# Conicals vs. Sabots



## colorcountrygunner (Oct 6, 2009)

Looking for opinions here. Which bullet style gives a hunter the most advantages. I know that sabots with their light weights would shoot a little flatter and conicals being heavier will hit harder and therefore have more killing power.

I just got done looking at ballistics charts for a 425 grain Great Plains conical and sighted in at 2.5 inches high at 50 yards it will drop about 9 inches at 150. The chart for a 240 grain sabot showed that when sighted in at 2.5 inches high at 50 yards will drop about 8 inches at 175. 

Judging from this it doesn't look like the extra range you would get from a sabot is really that great. Do any of you who have a wealth of hunting experience with both bullet styles disagree? Have you successfully taken much longer shots on game with a sabot than a conical?

Also how do the two compare in terms of stopping power? Does it seem that sabots don't have enough punch to get the job done at longer ranges? What would you consider the maximum effective ranges of each bullet style? I have taken two deer with conicals and two deer with sabots but the furthest shot of any of these deer was about 80 yards so I can't very well judge how the two compare at long ranges. 
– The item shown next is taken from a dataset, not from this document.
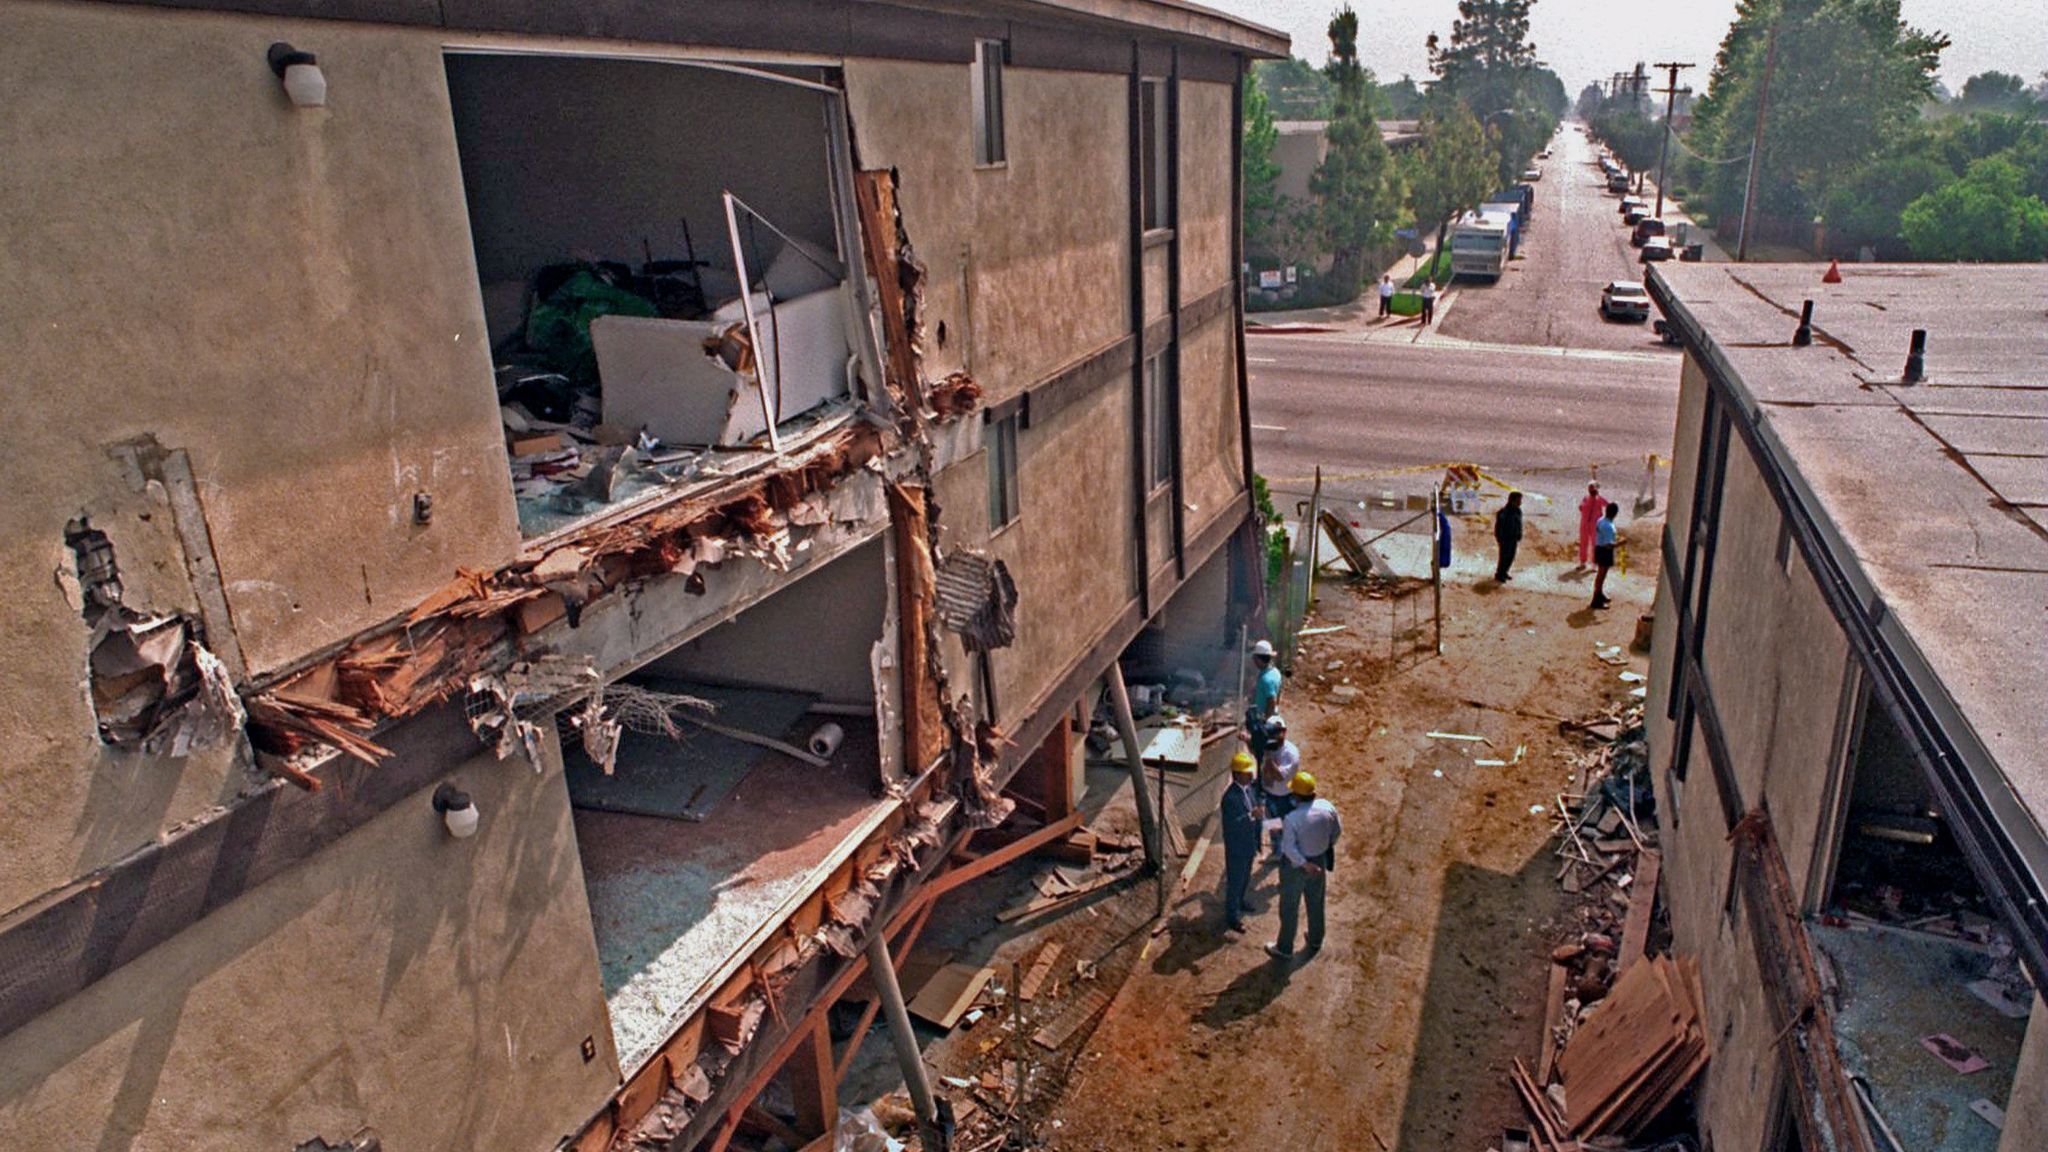 Workers begin to demolish the Northridge Meadows apartment building, whose ground floor collapsed in the 1994 earthquake.

Any input you can offer would be great.


----------



## Bo0YaA (Sep 29, 2008)

I took my deer this year at 200 yards. I used a 250gr Hornady XTP in a sabot. I used 100gr triple 7 which put my muzzle velocity at close to 2000fps (26 inch barrel). I sighted my gun 3 inches high at 100 which put me -7 at 200 yards. According to the charts that bullet only had about 940 ft lbs of energy left when it hit that deer which was quartering away. The bullet entered under the 1st rib and traveled the length of the deer exiting the chest. 
I have since put together loads (on paper) that should preform much better then that load. SO to answer your question, stopping power is not an issue out to the ranges you can see with a 1x scope or open sights. Maximum range, I would say the effective range of the bullet all depends on what you want to 0 it for. Ive got a load that 0 at 230 yards only puts it -11 at 300 yards with more then enough energy to kill. The question is can you see your target at 300 yards.


----------



## xxxxxxBirdDogger (Mar 7, 2008)

They both work great. Conicals have dropped them dead_er_ in their tracks in my experience.


----------



## Bears Butt (Sep 12, 2007)

My preferred big game bullet is the same 425 Great Plains you mention. I push it with 90 grains of FFg blackpowder. If I go to 100 gr, it flys all over the place, Under 90 and it flys as well.
I've been shooting them for 25 years with very good results.
I have never shot a sabot, that I can recall. For smaller game, like coyote and fox I would think a sabot shot at long range would be just fine.
I have friends that shoot sabots and have had good results bringing home the deer and elk. All have been shot under 100 yards distance.


----------



## mikevanwilder (Nov 11, 2008)

I personally use the Hornady SSTs in 250 gr and love them I have taken deer and this year took my big bull with it and it performed beautifuly. 
Hornady also makes a projectile that is simalier as a conical in the FPBs. I was going to try them but figured I was good with my current situation that I would wait. But they do look like they would be a good bullet as they don't need a sabot and they have a polymer tip to help with drag and expansion. It comes in a 300 and 350 gr size.
http://www.hornady.com/store/50-Cal-300-gr-FPB/


----------



## muzzlehunter (Nov 29, 2009)

The best thing I could add is try a few different bullets, each rifle will shoot different. And you may find that you prefer one over the other. Ive never liked cleaning after each shot with sabots, when in the field I would like to reload as fast as possible for a second shot. Great plains bullet is one of the best, shot that for years. The only thing I never liked was they mushroom to fast, never an exit wound. The fpb, being a copper jacketed bullet gets complete pass through. Everybody has there own oppinion, and all great advise. Find what fits your needs, get out and shoot and enjoy.


----------